The bandwidth usage will be the same and you will have it in a location that does not fail (generally speaking). So even if your internet went out, the PBX would still take calls and route them to voicemail.
You could easily log in and create a new route and send all calls to the main office temporarily when something happens.
Agreed, although remember that every call is at this point is an external call. So it would count twice as far as bandwidth is concerned.
The latency difference really isn't noticeable. NTG hosts their PBX out of Toronto and I used it both from Upstate NY and Dallas and didn't have issues either time.
-
@coliver said:
Agreed, although remember that every call is at this point is an external call. So it would count twice as far as bandwidth is concerned.
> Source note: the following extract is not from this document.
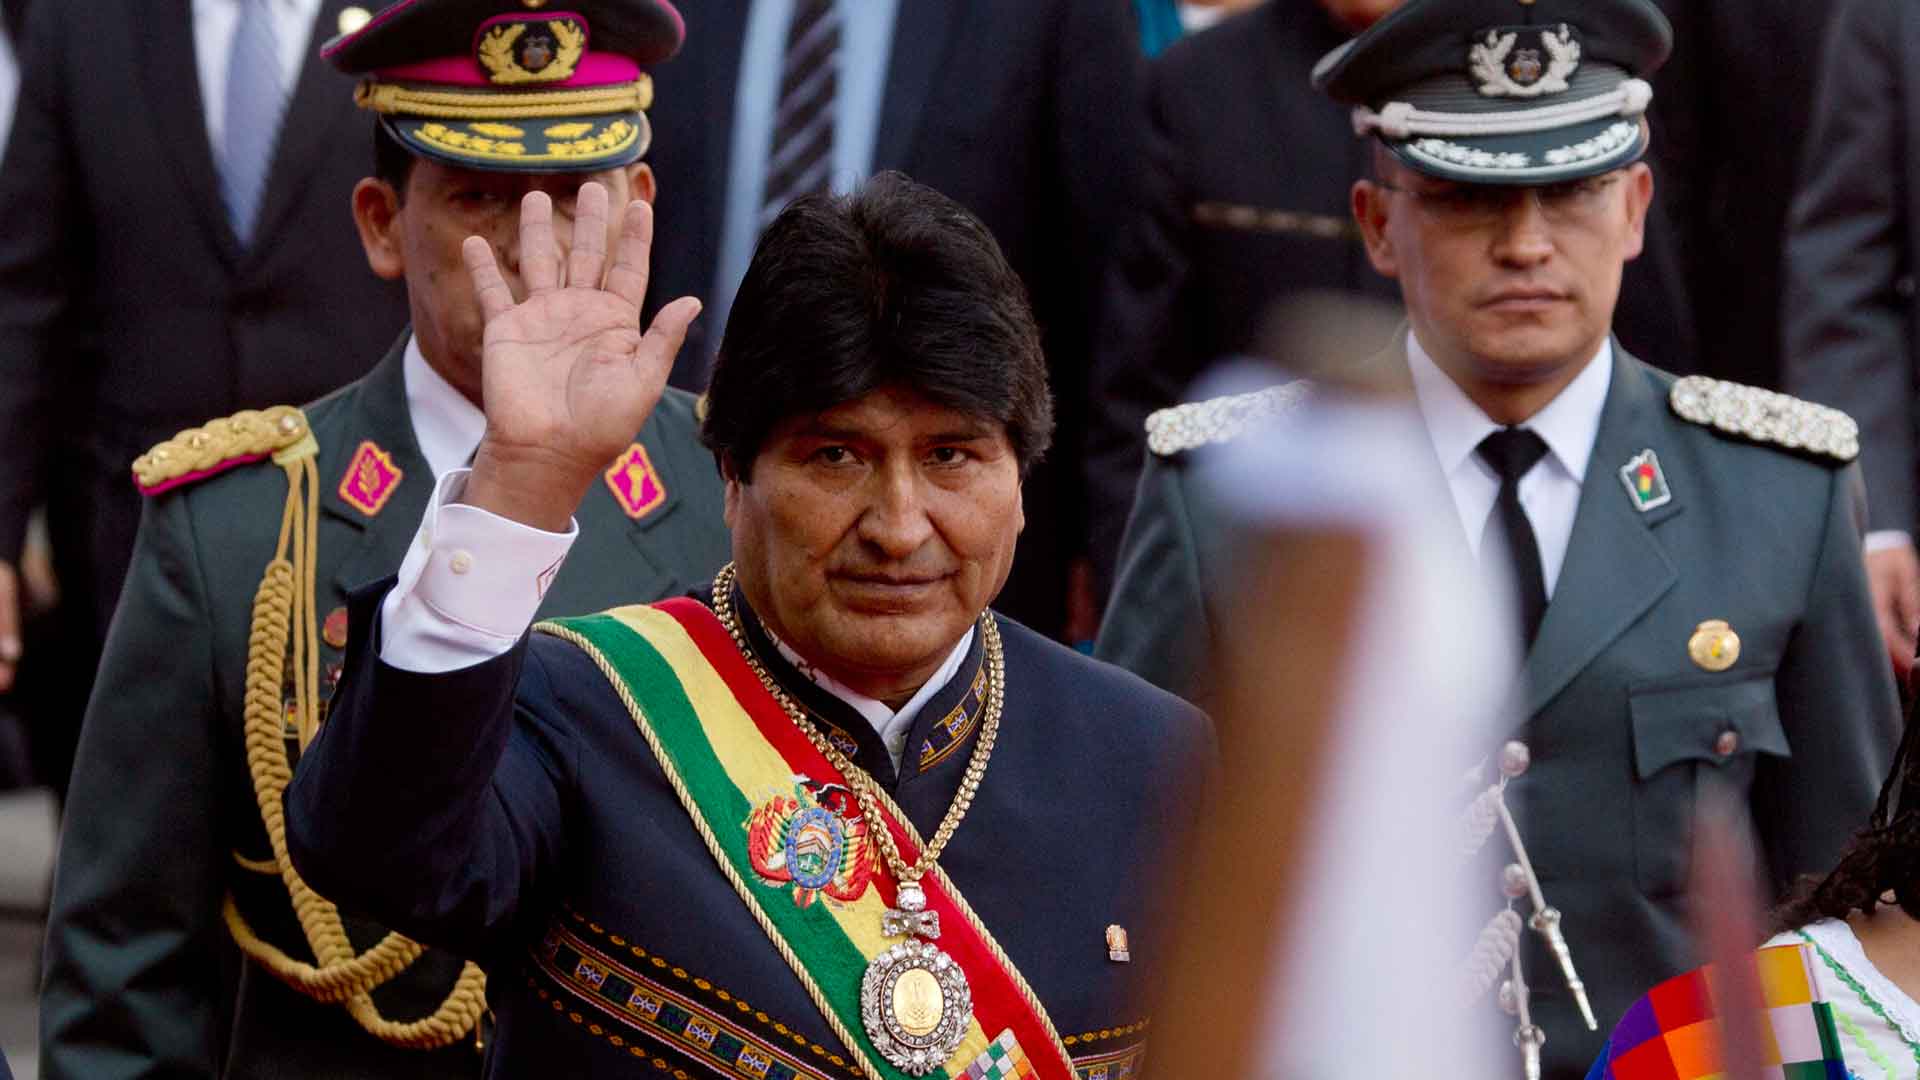 Halladas en una iglesia la medalla y la banda presidenciales de Bolivia que habían sido robadas

Every call is external, but with only 10 phones how many in house calls are happening? Those are the only ones that take double bandwidth.
-
@JaredBusch said:
@coliver said:
Agreed, although remember that every call is at this point is an external call. So it would count twice as far as bandwidth is concerned.
Every call is external, but with only 10 phones how many in house calls are happening? Those are the only ones that take double bandwidth.
Exactly. With that few of people, the chances of lots of intra-office calls taking place is slim.